Krisp, an Armenian startup that uses machine learning to remove background noise from audio in real time, has raised $9M as an extension of its $5M A round announced last summer, TechCrunch reports.
The extra money followed big traction in 2020 for the Armenian company, which grew its customers and revenue by more than an order of magnitude.
The company appears to have benefited immensely from the shift to virtual meetings and other trends accelerated by the pandemic. 2020 brought the company a 20x increase in active users, a 23x increase in enterprise accounts and 13x improvement of annual recurring revenue.
The rise in virtual meetings — often in noisy places like homes — has led to significant uptake across multiple industries.
Krisp now has more than 1,200 enterprise customers, banks, HR platforms, law firms, call centers — anyone who benefits from having a clear voice on the line, co-founder Davit Baghdasaryan told TechCrunch.

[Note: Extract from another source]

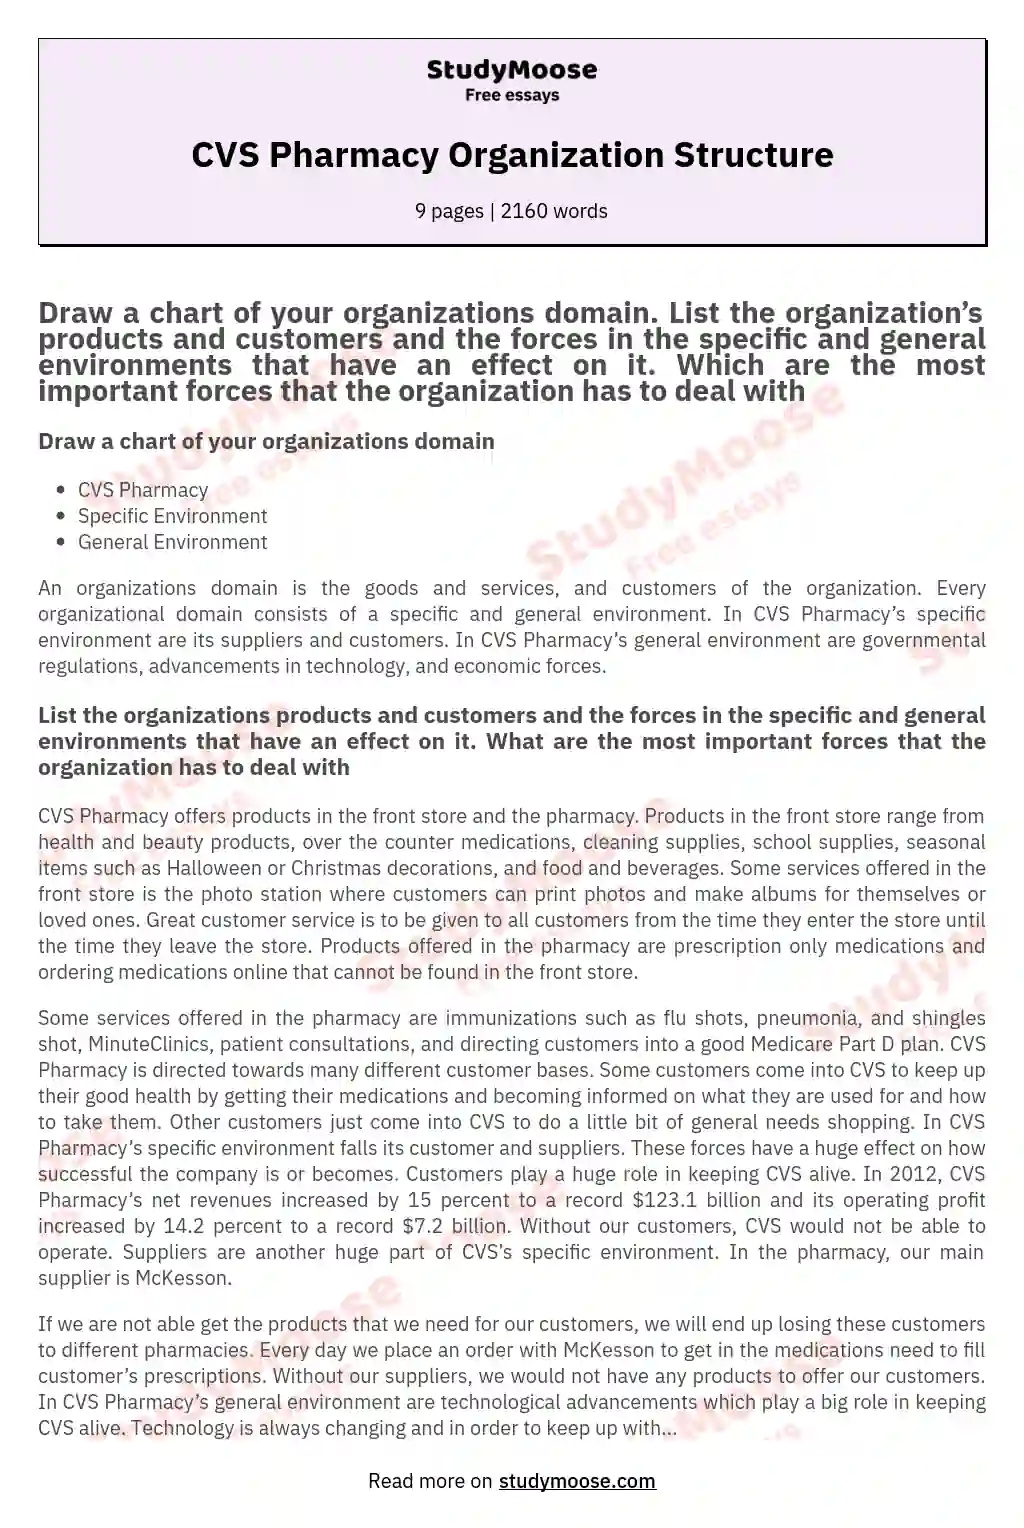 CVS Pharmacy Organization Structure essay

Enterprise-oriented controls like provisioning and central administration have been added to make it easier to integrate.
Noise cancellation for high-fidelity voice channels makes the software useful for podcasters and streamers, and acoustic correction (removing room echos) simplifies those setups quite a bit as well. Considering the amount of people doing this and the fact that they’re often willing to pay, this could be a significant source of income.
The company plans to add cross-service call recording and analysis; since it sits between the system’s sound drivers and the application, Krisp can easily save the audio and other useful metadata (How often did person A talk versus person B? What office locations are noisiest?). And the addition of voice cancellation — other people’s voices, that is — could be a huge benefit for people who work, or anticipate returning to work, in crowded offices and call centers.
Part of Krisp’s allure is the ability to run locally and securely on many platforms with very low overhead.
Krisp has been optimizing and reoptimizing its algorithms to run efficiently on both Intel and ARM architectures, and decided to roll out its own servers for training its models instead of renting from the usual suspects.